COLLECTED MATERIAL -
☆ ☆ ☆ ☆

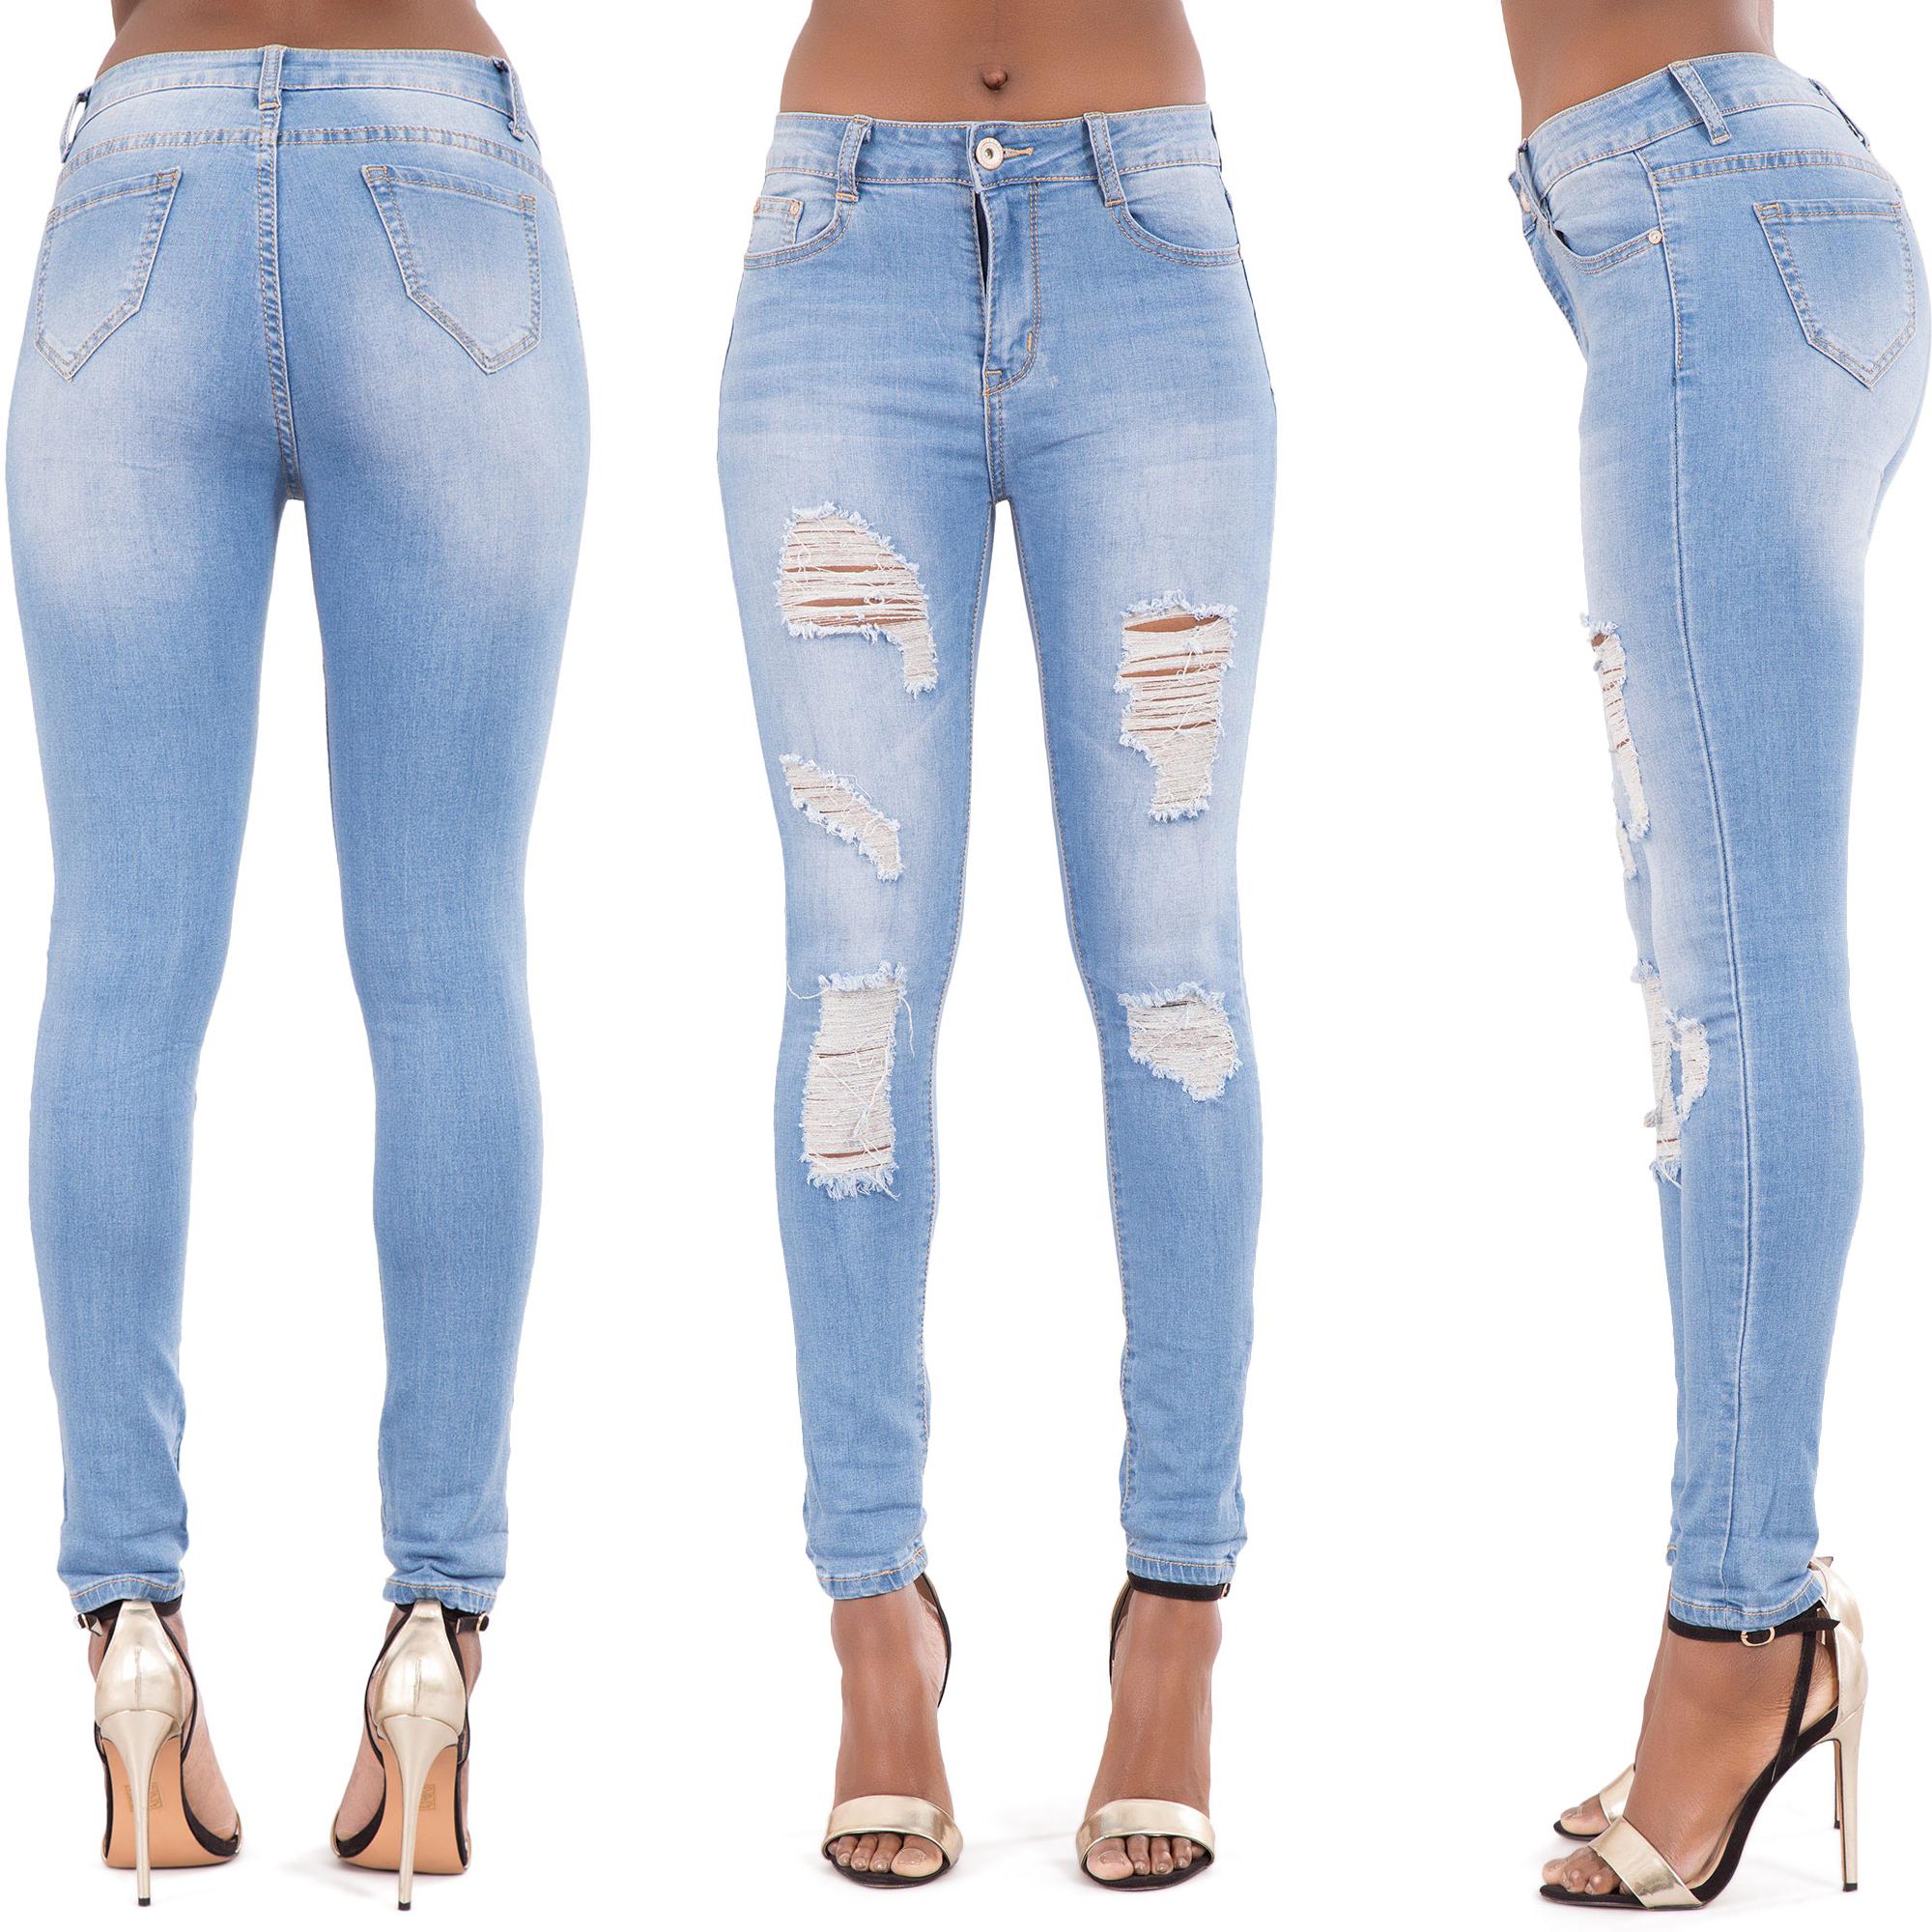 NEW-Ladies-Women-Blue-Black-Ripped-Skinny-Jeans-Slim-Fit-Stretch-Denim-Size-6-14
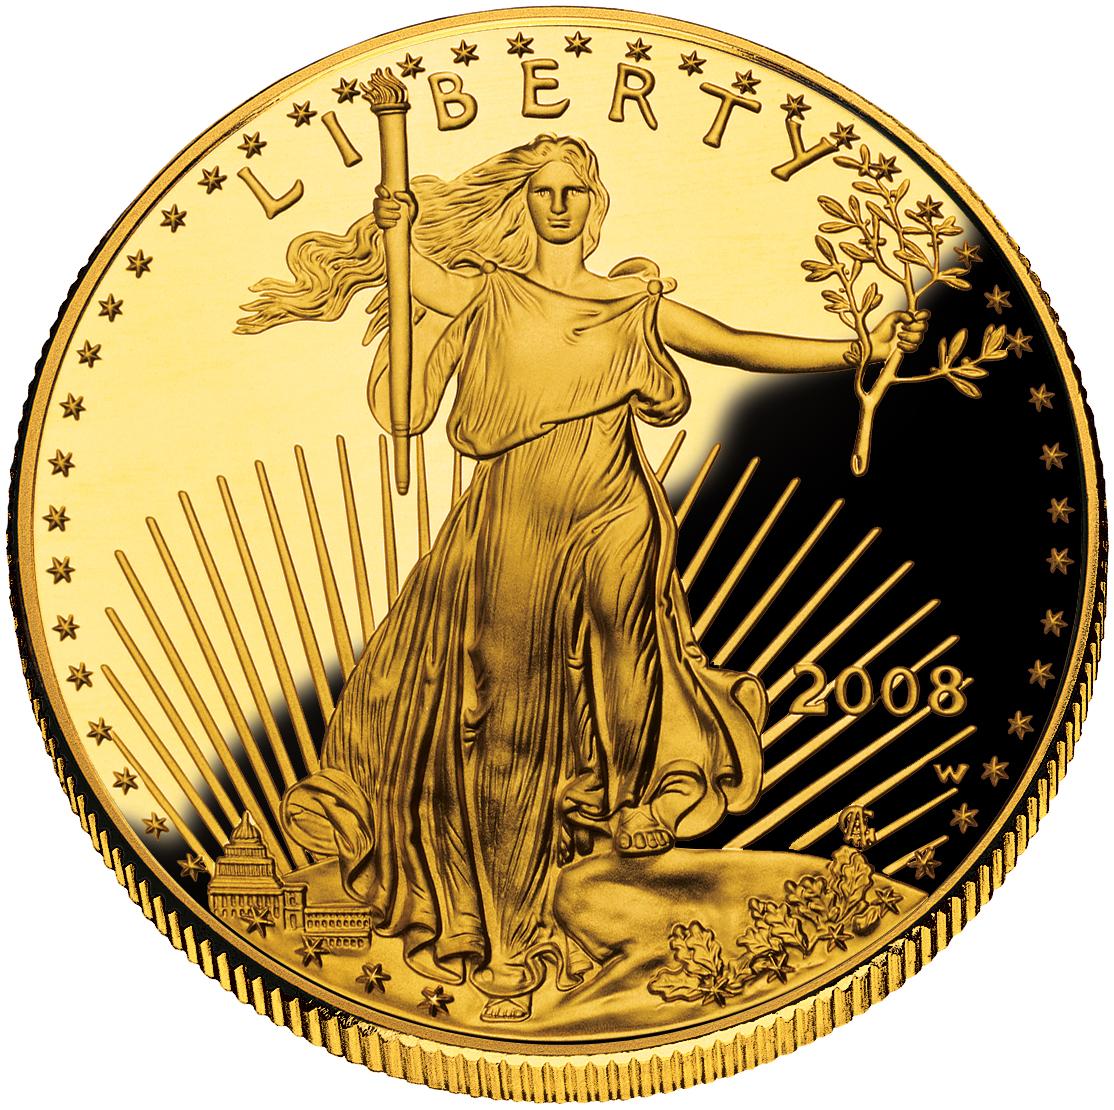 Gold Wallpaper Canada: Gold Coins Wallpaper
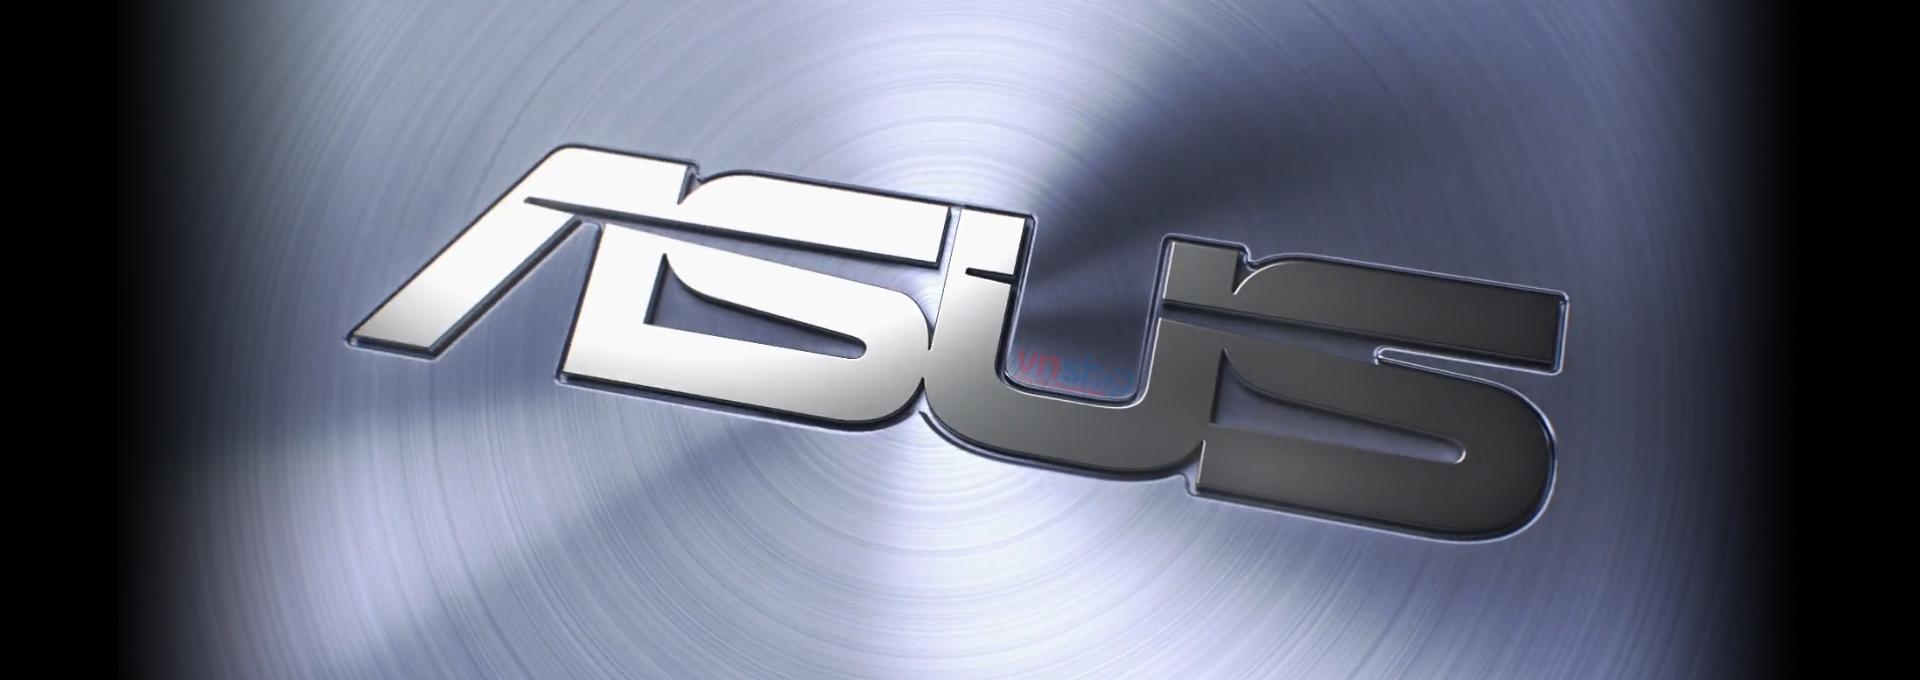 ZenBeam S2 ASUS-logo trên máy chiếu

☆ ☆ ☆ ☆

Could you output the listing word for word, omitting every picture?

WRITTEN SOLUTION -
 NEW-Ladies-Women-Blue-Black-Ripped-Skinny-Jeans-Slim-Fit-Stretch-Denim-Size-6-14
 Gold Wallpaper Canada: Gold Coins Wallpaper
 ZenBeam S2 ASUS-logo trên máy chiếu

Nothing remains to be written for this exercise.